Baudot encoding
Theory
Why This Matters
Baudot code, invented by Émile Baudot in 1870 and later standardised as the International Telegraph Alphabet No. 2 (ITA2), was the dominant encoding for electromechanical teleprinters (teletypes) through most of the twentieth century. It underpins RTTY (Radio Teletype) transmissions still audible on shortwave frequencies and was used as a pre-encryption layer before cipher machines in both World Wars — notably, the Lorenz SZ40/42 cipher machine operated on ITA2 streams. In CTF challenges, Baudot/ITA2 appears as 5-bit binary sequences, sometimes disguised as octal (0–31) or decimal values.

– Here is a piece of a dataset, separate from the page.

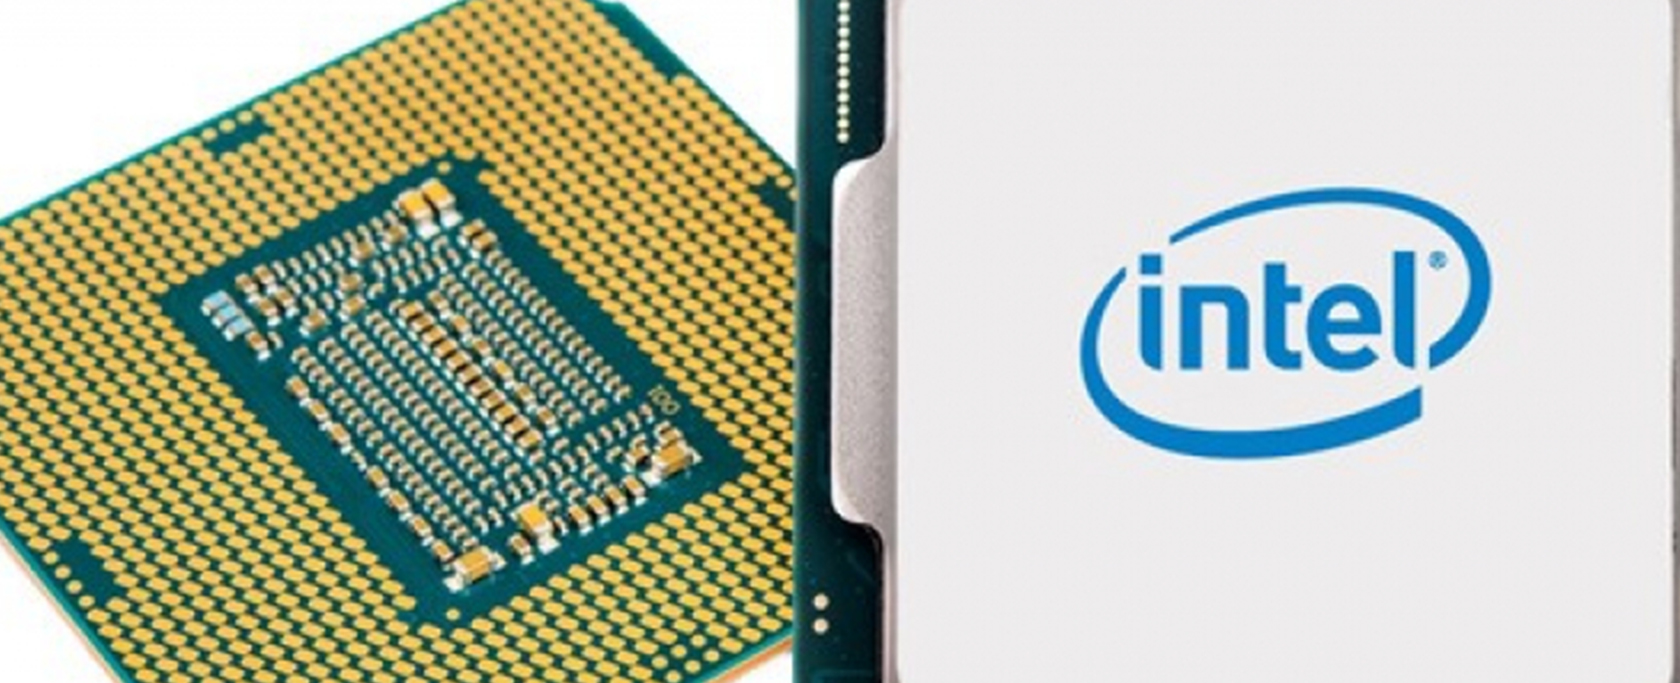 Intel Core i7-8700k: conheça o processador dos sonhos para os gamers

The key analytical difficulty is the shift-state dependency: the same 5-bit code produces a different character depending on whether the decoder is currently in LETTERS or FIGURES mode.
Core Concept
ITA2 uses 5 bits to encode characters, giving 32 possible code points (0–31). Because 32 code points are insufficient for both letters and special characters, ITA2 uses two shift states: LTRS (code 31, 11111) switches the decoder into letters mode, and FIGS (code 27, 11011) switches it into figures mode. In letters mode, code 01 decodes to "A"; in figures mode, the same code decodes to "-". This effectively doubles the character set to approximately 58 printable characters plus control codes.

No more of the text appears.